Hi, I think I may have found a small bug in embeddingSD.hpp
Inside "infer_parameters", at line 2409, the code enters a while loop to find the right beta to reproduce the input average clustering.
If beta gets too close to D, beta is set equal to BETA_ABS_MIN_DIM (line 2434) and the loop is broken.
The problem is that the other parameters (e.g., mu and kappas) were inferred at lines 2415-2420 with the previous value of beta, and are not inferred again after beta has been updated to BETA_ABS_MIN_DIM.
To the best of my understanding, this means that (at least when the clustering of the original network is very small) the final inferred parameters reported in the inf_log file are inconsistent.

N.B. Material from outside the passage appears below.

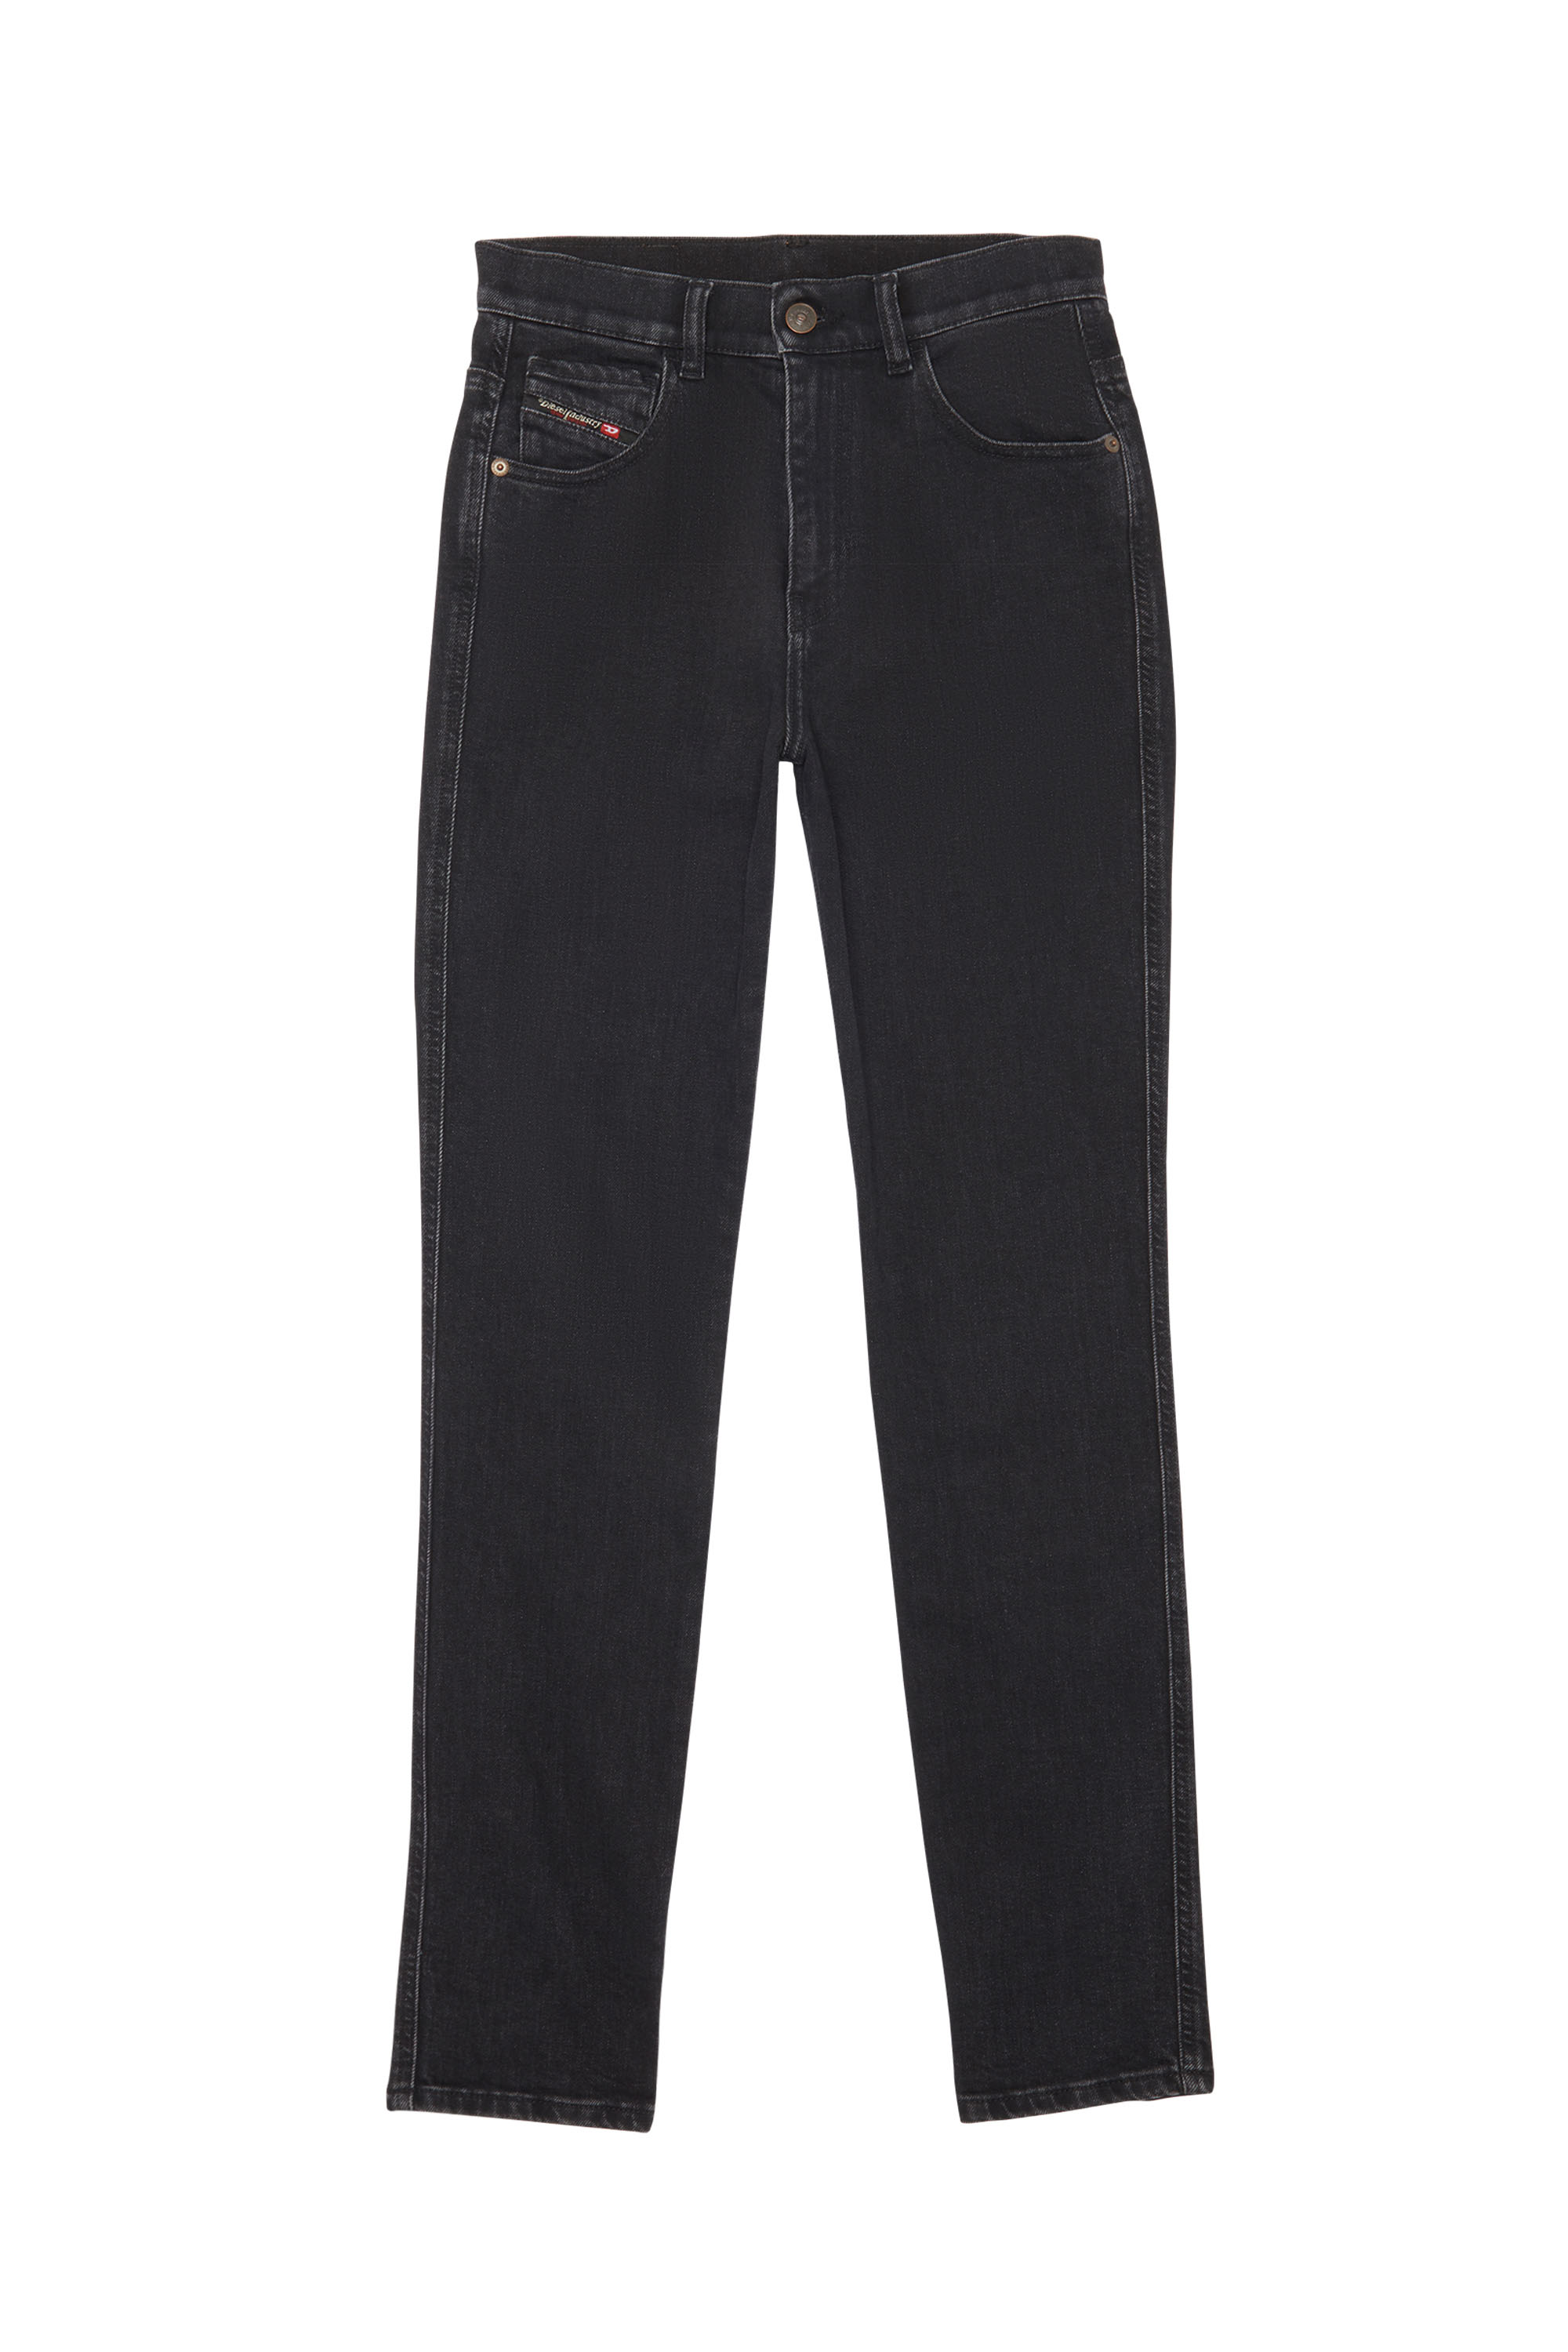 1994 Z9C25 Straight Jeans, Black/Dark grey - Jeans

As a countercheck, I computed mu using the beta and average degree reported in the inf_log file and obtained a different value with respect to the mu indicated in the same file.

As a minimum working example, you can create a BA graph with average degree 10 (e.g. running G = igraph.Graph.Barabasi(1000,5)), dump the edge list and feed it to mercator with D=1. The inf_log file should report the line
WARNING: value too close to 1, using beta = 1.0058
(or something similar), and the values of beta and mu indicated in the inf_log file should be inconsistent, i.e. $mu\neq beta\cdot sin(PI/beta)/(2\cdot PI\cdot10)$

I would be happy to know if you agree that that's a bug or if there's anything I'm missing.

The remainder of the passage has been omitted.